Out of the 4 million promised, only less than a million were actually accepted and offered assistance. But, ultimately, the program proved to just prolong the foreclosures.
Not to mention, Obama was already given Congress’ approval to act prior to even entering office. He should have hit the ground running.
“Obama’s transition team earmarked up to $100 billion in funds appropriated through Bush’s bank bailout to mitigate foreclosures; eight years later only around $21 billion has been spent,” writes The Atlantic.
But, wait there’s more. Obama’s administration made another huge mistake by working with companies that always saw foreclosures as the end game.
“The Treasury Department alone decided to run it through mortgage companies that had financial incentives to foreclose rather than modify loans. Treasury never saw the program as a relief vehicle, but a way to “foam the runway” for the banks, allowing them to absorb inevitable foreclosures more slowly. Homeowners were the foam being crushed by a jumbo jet in that scenario, squeezed for as many payments as possible before ultimately losing their homes.” writes The Atlantic. “Worst of all, most of these foreclosures were executed fraudulently. Banks neglected centuries-old property records laws, and used millions of forged and fabricated documents as evidence in courtrooms and county offices to paper over their mistakes. When this came to light in fall 2010, the leading mortgage companies stopped foreclosing because they could no longer do so legally. “
Those who commuted fraud were not prosecuted and the banks got just a slap on the wrist with bank settlements. Many banks took advantage of the program.
“Many of these banks have repeatedly broken the rules of the program, including kicking homeowners out unfairly or making it too difficult to apply for the help, according to the agency,” writes The Washington Post.
Banks were again not given enough consequences.
“The Treasury Department didn’t act quickly enough to force banks to abide by the rules of the program, housing advocates have said. Nearly 70 percent of the homeowners who applied for the program were rejected,” writes The Washington Post.
Banks, instead will be given incentive payments over the next seven years.
“Banks will continue to receive billions in incentive payments for helping borrowers who signed up for HAMP for seven years. Wells Fargo, which has received $1.8 billion through the program, is eligible for up to $1.5 billion in bailout funds over the next seven years, for example. JPMorgan and Bank of America, which have received $1.9 billion and $1.4 billion respectively, could receive about $1 billion each over the next few years,” writes The Washington post.
The Treasury Department defends the program saying it “changed how mortgage servicers handled homeowners in distress; not only by developing a template for loan modifications focused on affordability but also by creating and enforcing standards of care that have been widely adopted by the entire industry.”
However, the housing crisis is still very much an issue in many packets across the country.
The frustration with how the current administration has been handling the foreclosure crisis help Trump get elected.
“National Public Radio found two such homeowners, retirees who lost their home in 2011 after taking on a home-equity loan they could not afford.

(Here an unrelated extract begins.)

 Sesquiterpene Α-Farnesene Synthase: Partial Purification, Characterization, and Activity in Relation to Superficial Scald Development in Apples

Like many caught in the forest of post-crisis foreclosure bureaucracy, the couple couldn’t maintain connect with anyone at the bank to restructure their loan, and saw their house sold without warning,” writes Quartz. “Dismayed with their treatment by the system, they voted for Trump in the 2016 election. A new analysis shows they are far from the only people bearing the scars of the housing market who backed the real estate developer’s run to the White House.”

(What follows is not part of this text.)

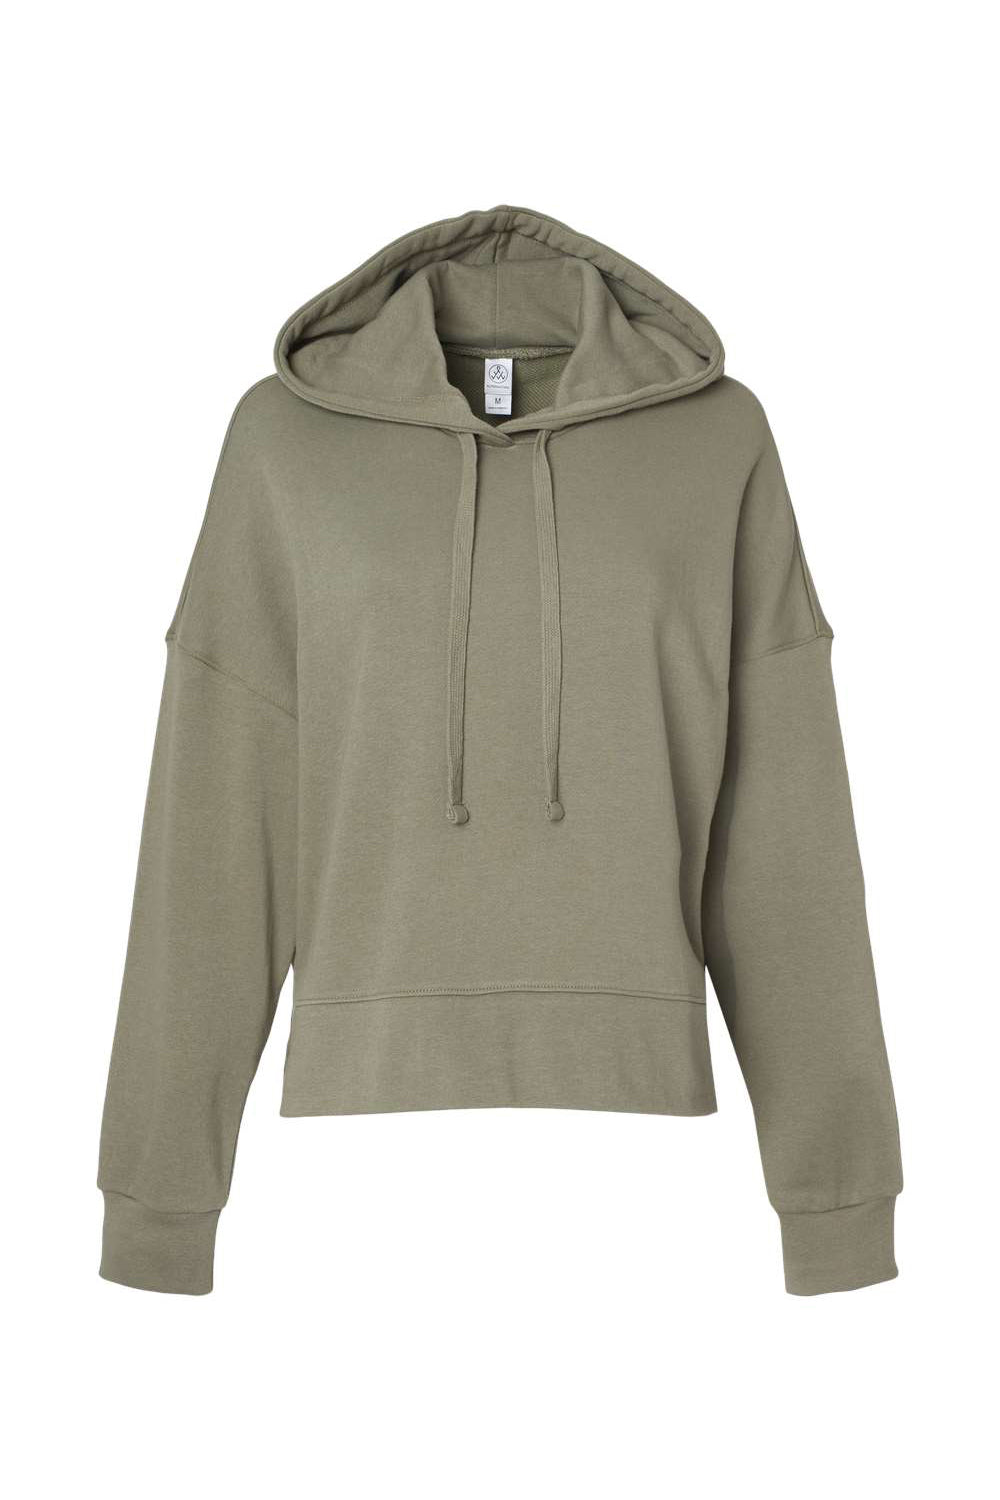 Alternative 9906ZT Womens Eco Washed Hooded Sweatshirt Hoodie Military Green Flat Front

Americans who have been impacted by this failing system are hopeful that Trump’s business background can help him pull the country out of this crisis.
January can’t come soon enough. Obama never truly understood the problem, then he helped develop a pathetic solution to bail out individuals who never even had a chance of keeping their homes because they couldn’t afford them.
“This past year has made clear that America’s social fabric is fragile. When you let private companies distort a government program into a foreclosure-creating machine, when you allow the largest consumer fraud in American history to occur without sanction, you tear at that social fabric. You create a rot at the heart of American democracy. You teach the public the rules don’t apply to the wealthy and powerful,” writes The Atlantic.
Editor’s note: The original Community Reinvestment Act that cause the mortgage crisis was a law with a socialist flavor that did what all socialist efforts do. It collapsed in on itself. Obama’s followup effort has done the same thing. Perhaps we can learn a lesson from this?